Nestlé Food Services and Catering Products devra payer la somme de Rs 2 830 105 à son ancien partenaire Cascadelle Distribution, qui était l’unique distributrice des produits Nestlé, pour rupture de contrat. Ainsi en a décidé l’Acting Senior Puisne Judge Paul Lam Shang Leen. Cascadelle Distribution réclamait des dommages de Rs 46 M.
Cascadelle Distribution avait logé pas moins de dix points pour soutenir ses réclamations. Elle estimait entre autres que Nestlé l’avait illégalement privée des fruits des investissements réalisés, à la fois humains et financiers, avait cherché à connaître des informations confidentielles sur ses affaires et avait tenté de ternir son image auprès des clients, des fournisseurs et du public.
Cascadelle distribution, engagée dans la distribution et commercialisation des produits alimentaires avec une spécialisation dans les aliments secs depuis plus de 20 ans, est dirigée par Hervé Chan Tai Kong, qui soutient dans sa plainte être une figure bien connue et respectée dans le secteur de la distribution.
Le 5 juin 2000, Nestlé désigne le plaignant comme distributeur exclusif des services alimentaires et des produits de restauration. Cascadelle Distribution quitte alors ses locaux, un espace de 4 000 pieds carrés à Port-Louis, pour s’installer dans un emplacement de 8 000 pieds carrés à Phoenix. Elle emploie aussi un nouveau vendeur pour les produits de Nestlé, augmente sa flotte de véhicules et investit en communication et en marketing. Elle rehausse son système d’information et son réseau de distribution. En 2006, la compagnie de distribution étend ses activités et crée un nouveau point de vente pour les produits Nespresso. Elle est alors informée que le nouveau directeur de Nestlé entreprendrait un audit sur les profits, les structures d’investissements et la gestion de Cascadelle Distribution. Le directeur de la compagnie de distribution objecte, expliquant que ce serait une ingérence dans ses affaires et ses informations confidentielles.

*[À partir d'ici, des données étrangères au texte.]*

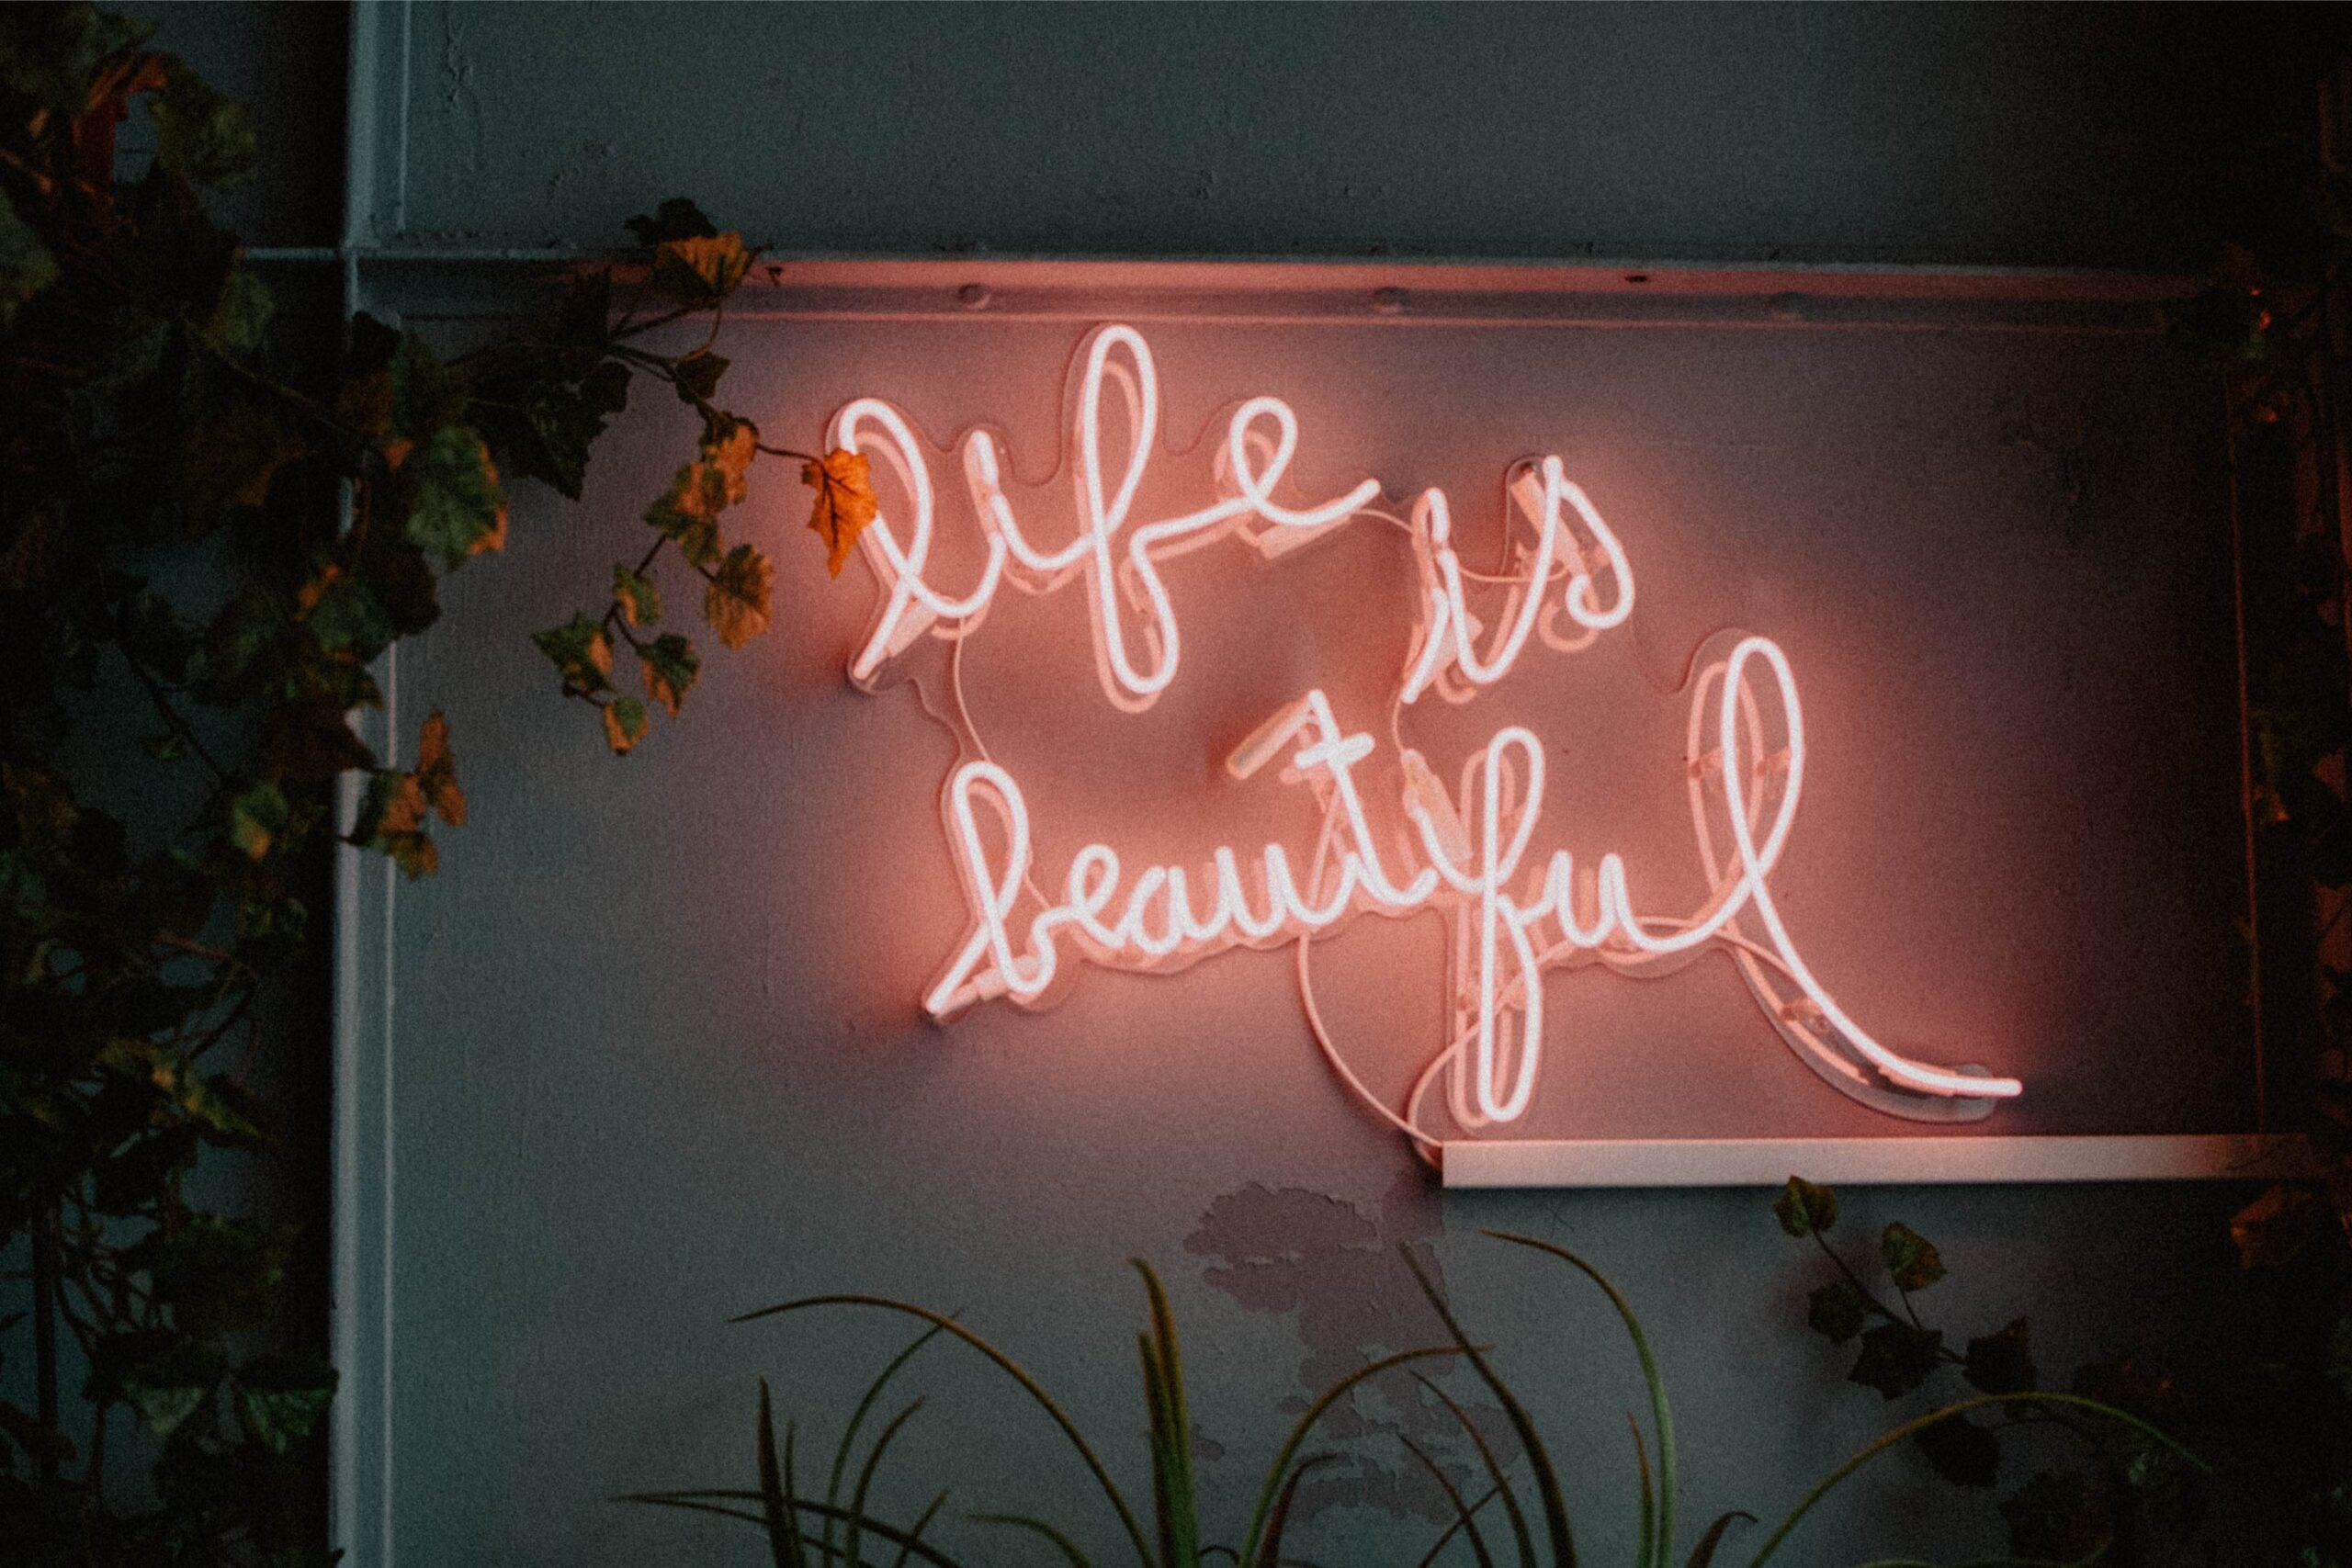 8946004323344_Katarzyna-Grabowska_Life is beautiful@0.5x-50

Dans sa plainte, Cascadelle explique que « it invested and mobilized considerable human and financial resources to boost up the sales of defendant’s products and the arbitrary and abrupt decisions by the defendant to call off the agreement was an act of bad faith designed to enable another party to appropriate the fruits and labour of the plaintiff ».
Bien que la réclamation fût de Rs 46 M, après avoir analysé les faits, l’Acting Senior Puisne Judge Paul Lam Shang Leen a conclu que Nestlé devra payer la somme de Rs 2 830 105 à Cascadelle. « There must be reasonable delay given before its termination to temper the damages the other party might endure and such termination must also be made in good faith. I therefore do not consider the period of 6 years as a reasonable yardstick. To my mind, one year is more than reasonable for the other party to mitigate its losses. Consequently, I shall allow the plaintiff for half of the year 2007, as the contract was to terminate as from the 1st July 2007, the sum of Rs 700,105 and half of the year of profit for 2008 which Rs 1,68 M. I allow therefore the sum of Rs 2,380,105 as damages for loss of revenue », conclut-il.